Xul Solar (1887-1963) is one of the most significant artists of the 20th century, yet he is little known outside of his native Argentina.
Repeatedly, I have asked people with art history degrees about Xul Solar and have been met with only blank stares. Since first seeing Xul Solar’s incredible watercolors two years ago, I’ve been fascinated by his work and the story of his life. His friend Jorge Luis Borges referred to Xul Solar as the most intellectual person that he knew.
Admirers and newcomers to Xul Solar’s artwork are in luck. A wonderful exhibition Xul Solar: Visiones y Revelaciones featuring over 150 of his works are on display at MALBA until August 15, 2005. The exhibition will then travel to the Pinacoteca in Sao Paulo. A beautifully illustrated exhibit catalogue with in-depth essays is also for sale from the museum’s bookstore.

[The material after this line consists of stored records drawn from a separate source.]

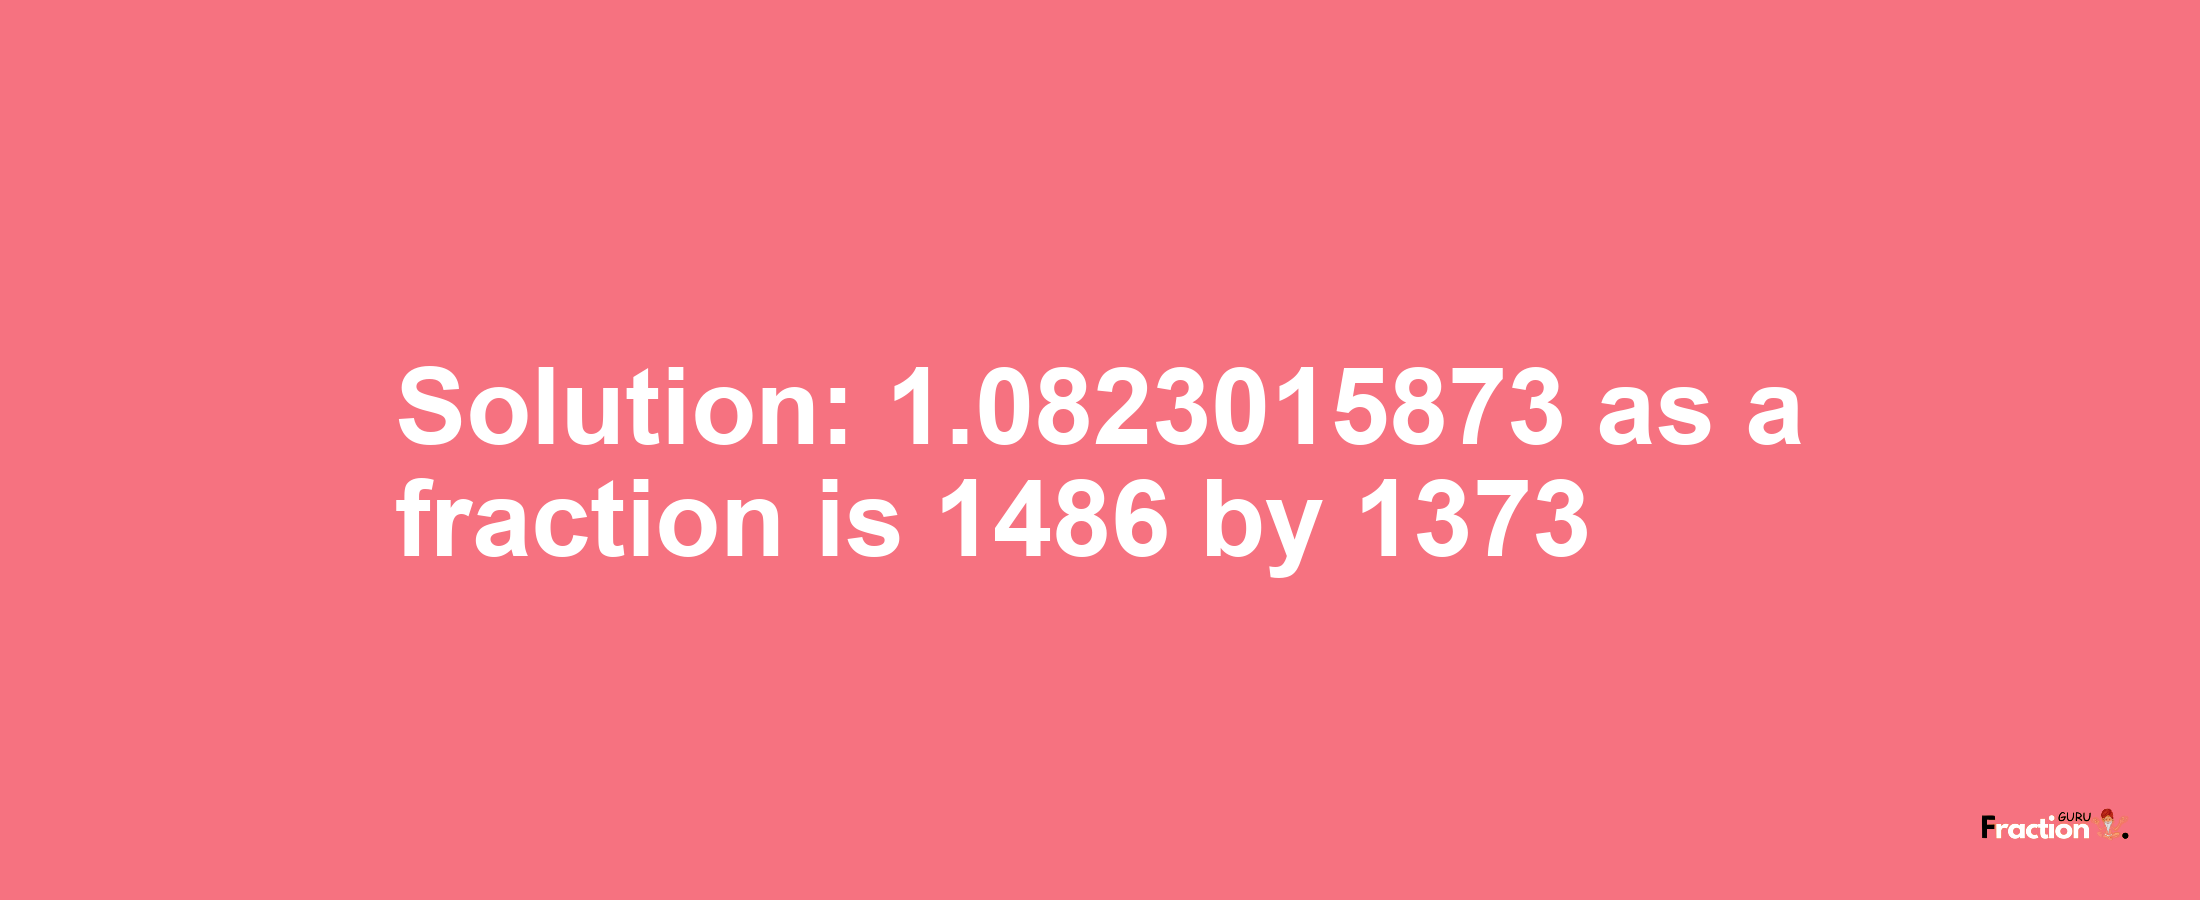 Solution:1.0823015873 as a fraction is 1486/1373
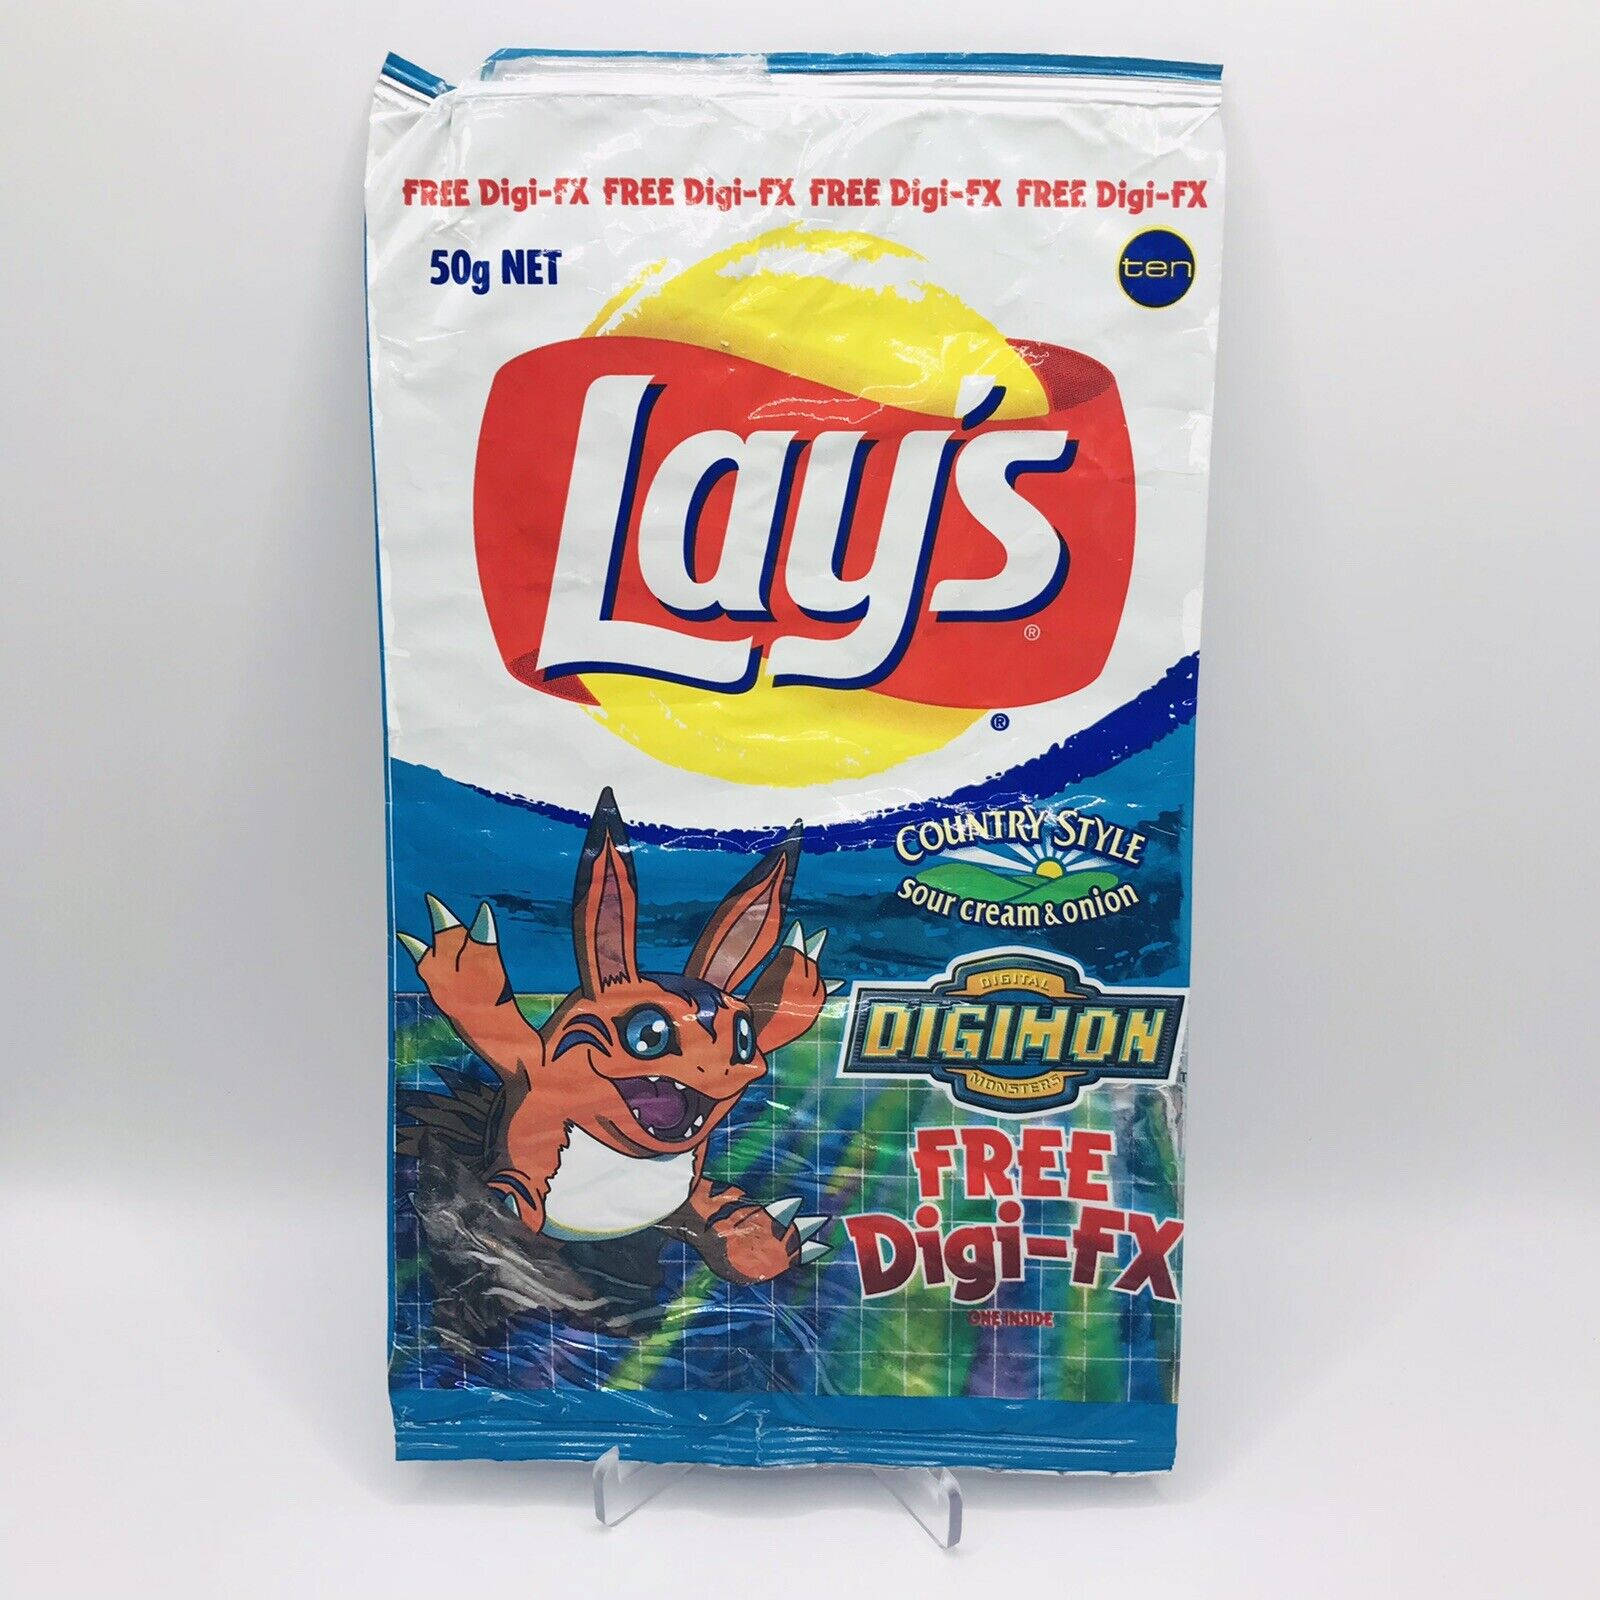 HOLY GRAIL DIGIMON 3D Tazo Lays Chip Packet Cheez TV ￼￼￼2000 Promo DIGI-FX
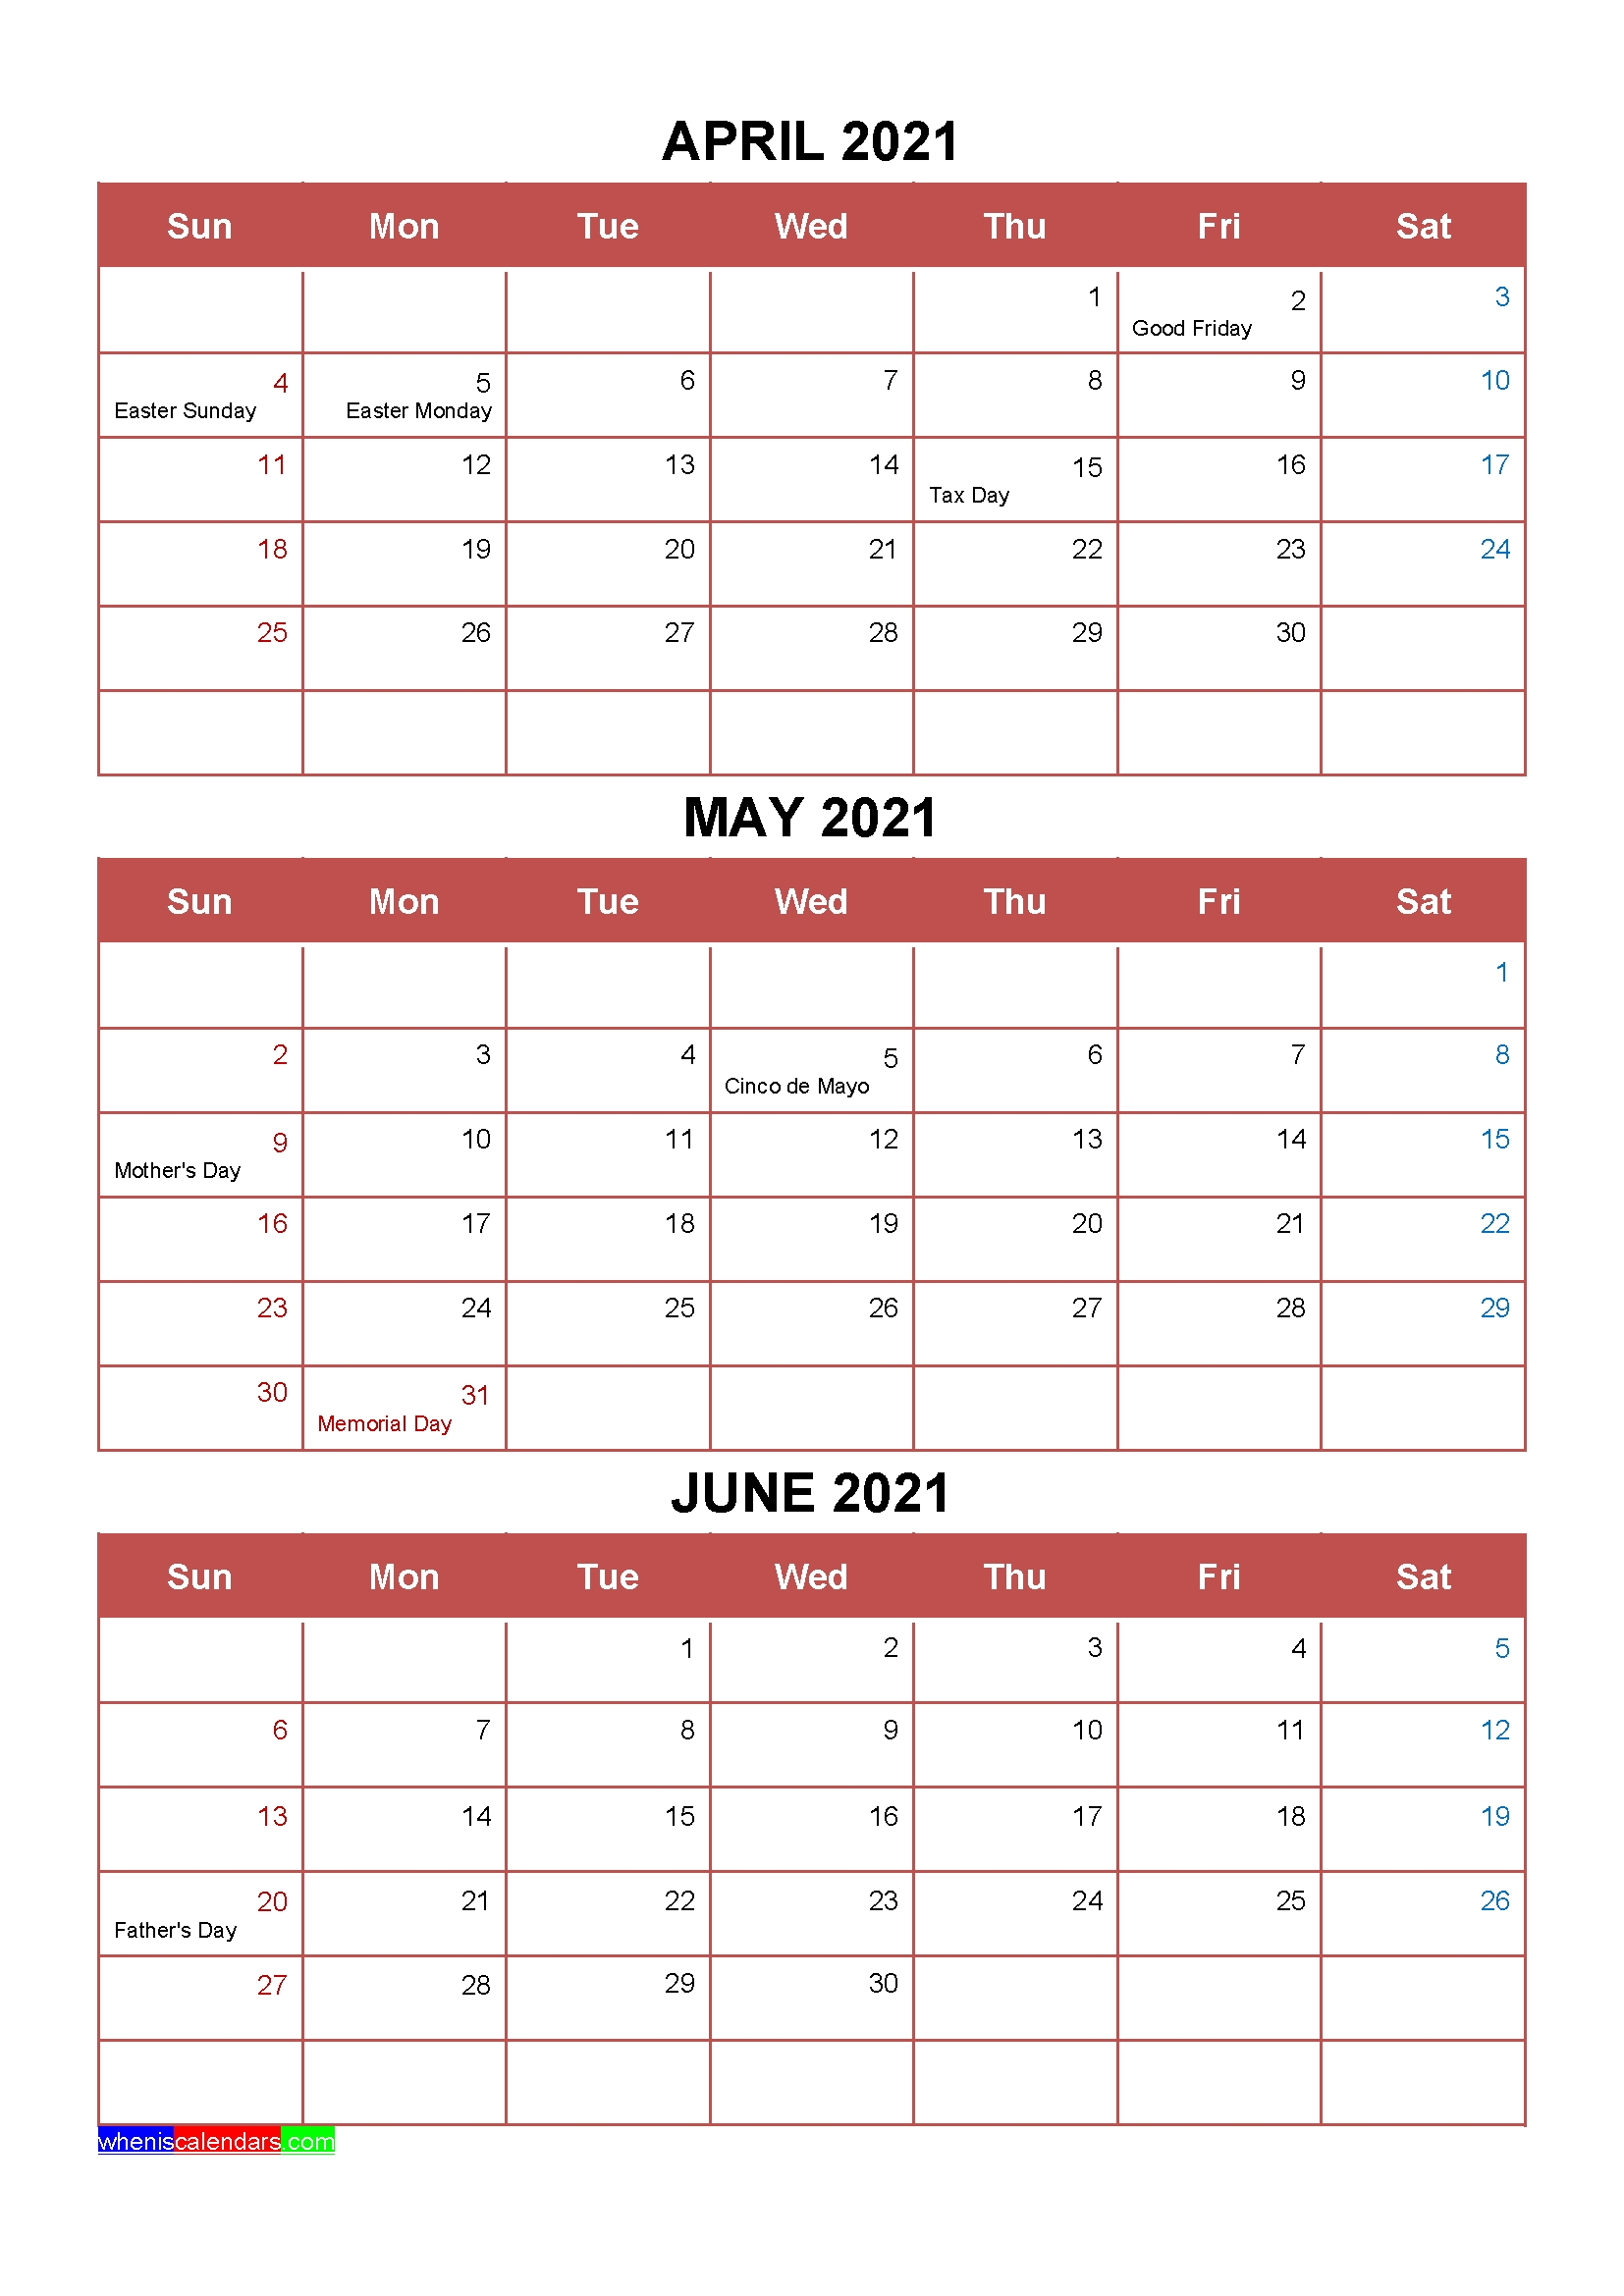 Calendar By Quarter 2021 | Month Calendar Printable within Free Printable Calendars-Yearly-Denoting Weeks Within Month

If you cannot visit Buenos Aires or Sao Paulo during the exhibits, be sure not to miss the Museo Xul Solar in Buenos Aires. The museum building itself is an excellent renovation of Xul Solar’s Palermo home.
Reprints of Xul Solar’s paintings do not prepare you for the vibrant colors of the actual works. You really need to see the art of Xul Solar in person to appreciate it fully.
I’m fascinated by the early 20th century avant-garde that existed in Buenos Aires. It was one of the most dynamic cultural movements of the age yet is poorly documented in English. I’ll be posting more about Xul Solar and his contemporaries as I continue my research in this area.